I looked close at my original photos (3870 x 2590), some are Bryant, some are C-H.


----------



## Podagrower (Mar 16, 2008)

It looks like were still one violation short of a full house...

Is there a plastic bushing on that EMT with the feeder in it?


----------



## user8640521 (Jan 17, 2009)

knowshorts said:


> I gotta go. Time to flood Craigslist with electrical ads for $20 an hour for electricle service with all my competitors phone numbers.


now, that is cold.......:whistling2:

don't forget to put their license numbers in the ad as well... adds a nice
personal touch.... 

i've never gotten much directly from craigslist, but a lady who called me,
off the ad i had posted there, and never used me, did refer me to a pool
contractor, who led to a general contractor, who led to a commercial 
fountain contractor..... who all did pay me, thank you very much....


----------



## cmec (Feb 11, 2008)

How about the concentric ko on the emt its still illegal even though they pulled a ground wire


----------



## 480sparky (Sep 20, 2007)

cmec said:


> How about the concentric ko on the emt its still illegal even though they pulled a ground wire


 
Um, that's no ground wire.


----------



## cmec (Feb 11, 2008)

480sparky said:


> Um, that's no ground wire.


ok ,couldnt see the whole peice of wire may be it started as a ground and somone needed a phase and didnt have tape either


----------



## hobbs1944 (Jan 21, 2009)

Could it be the square D Breakers? If they are Homeline then if I remember right, they don't fit correctly in a Bryant panel. I don't use Homeline so this guess is from coming across them here and there.


----------



## htneighbors (Jan 23, 2009)

How far back in the wall is that panel located? And...how big is the panel cover? It appears there is a receptacle inside the wall - accessible through a hole next to the panel.


----------



## Bkessler (Feb 14, 2007)

*spot the violation*

http://i370.photobucket.com/albums/oo148/BrooksElectric/088.jpg
I thought I would pull out a pic, to play spot the violations.....this one is tuff.


----------



## 480sparky (Sep 20, 2007)

Bkessler said:


> http://i370.photobucket.com/albums/oo148/BrooksElectric/088.jpg
> I thought I would pull out a pic, to play spot the violations.....this one is tuff.

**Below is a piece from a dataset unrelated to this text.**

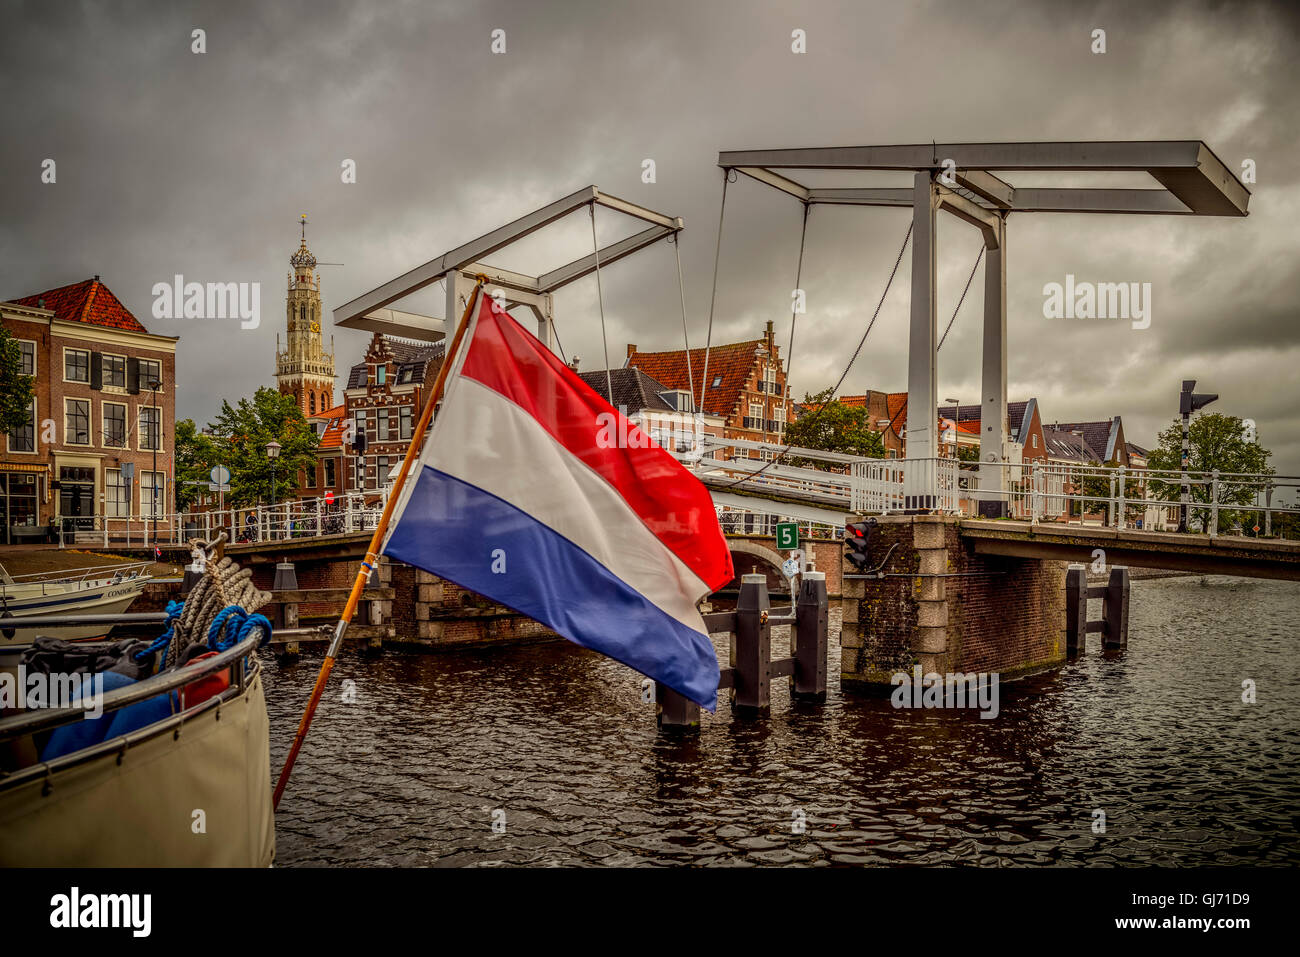 The Netherlands, Haarlem, canal, flag Stock Photo
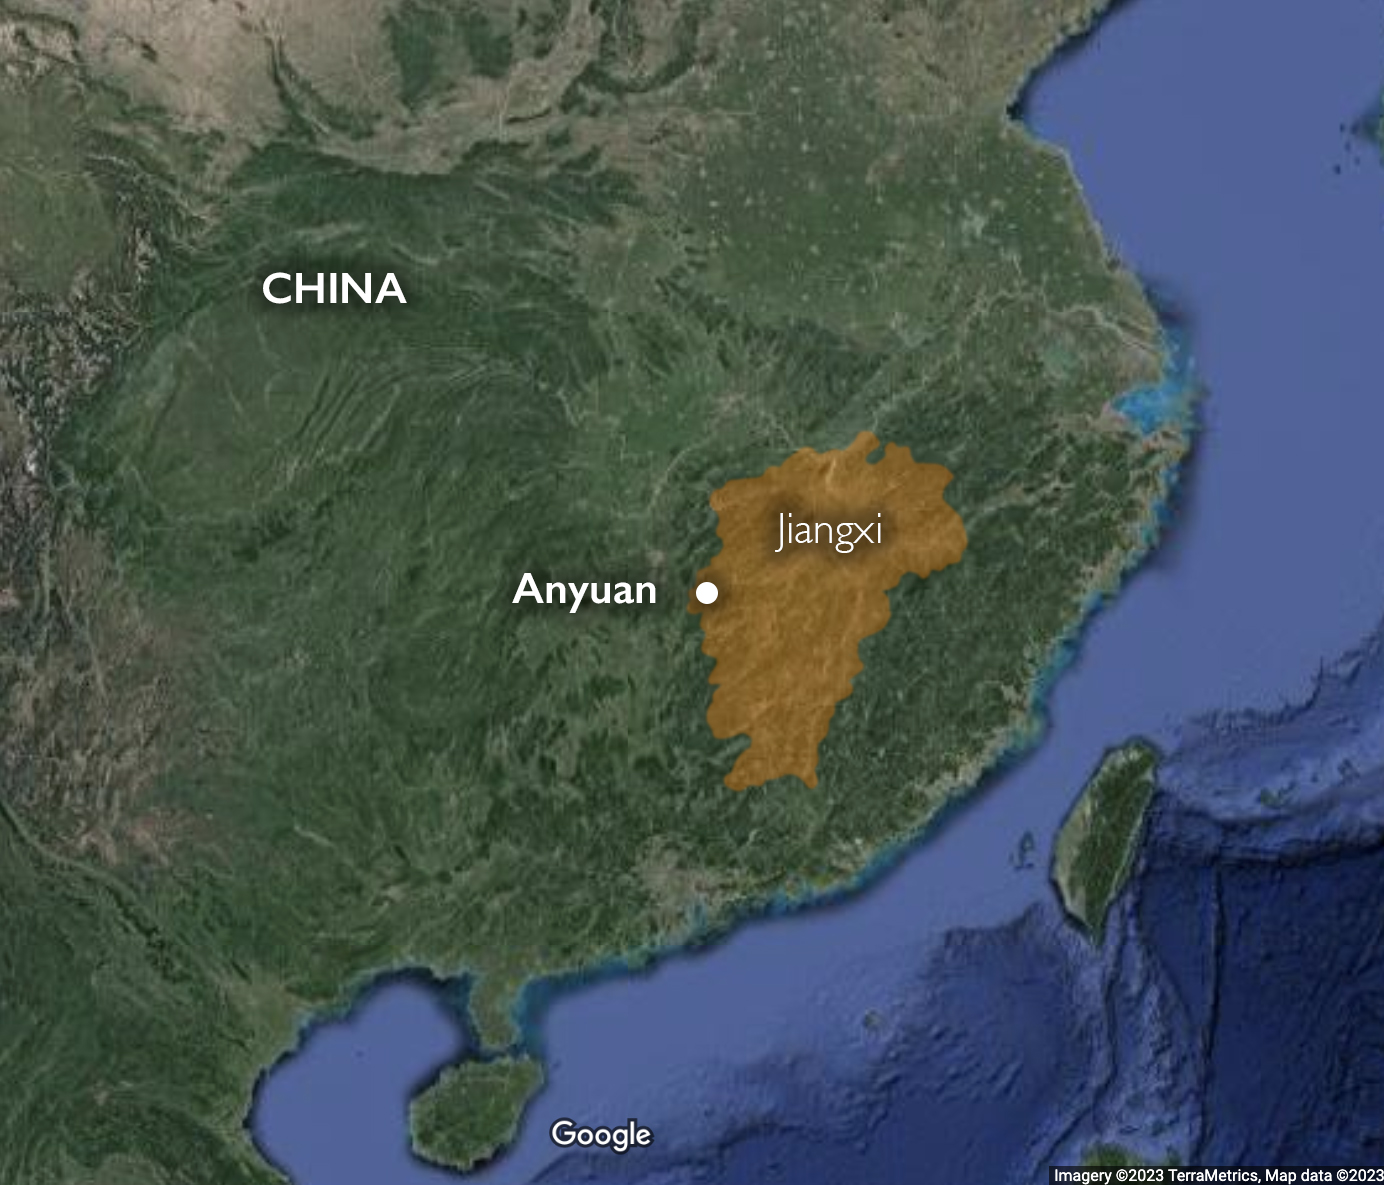 Map showing Anyuan within Jiangxi province in China (underlying map © Google)

Garden hose not rated for 120 volts.


----------



## heel600 (Oct 31, 2007)

rexowner said:


> Where did they get the third screw from the bottom
> in the last picture? Looks like the manufacturer
> screw fell out, and they improvised.


Nope....

that's how some of those old breakers were made.


----------



## sherman (Sep 29, 2008)

Bkessler said:


> http://i370.photobucket.com/albums/oo148/BrooksElectric/088.jpg
> I thought I would pull out a pic, to play spot the violations.....this one is tuff.


That was awesome.. Cheers big ears!!


----------



## Bkessler (Feb 14, 2007)

Old man was a shop teacher, he did awful,awful things to his house over his summer breaks, then he had a stroke and his house fell apart And everything stopped working at once on the poor wife. I got lot of pics, here's his panel he was steeling power for 25 years. ................................. I turned him in.

http://i370.photobucket.com/albums/oo148/BrooksElectric/089.jpg


----------



## Southeast Power (Jan 18, 2009)

cmec said:


> How about the concentric ko on the emt its still illegal even though they pulled a ground wire


I dont know about that one. Ive run EMT for 25 years and didnt know about that.


----------



## Southeast Power (Jan 18, 2009)

Bkessler said:


> http://i370.photobucket.com/albums/oo148/BrooksElectric/088.jpg
> I thought I would pull out a pic, to play spot the violations.....this one is tuff.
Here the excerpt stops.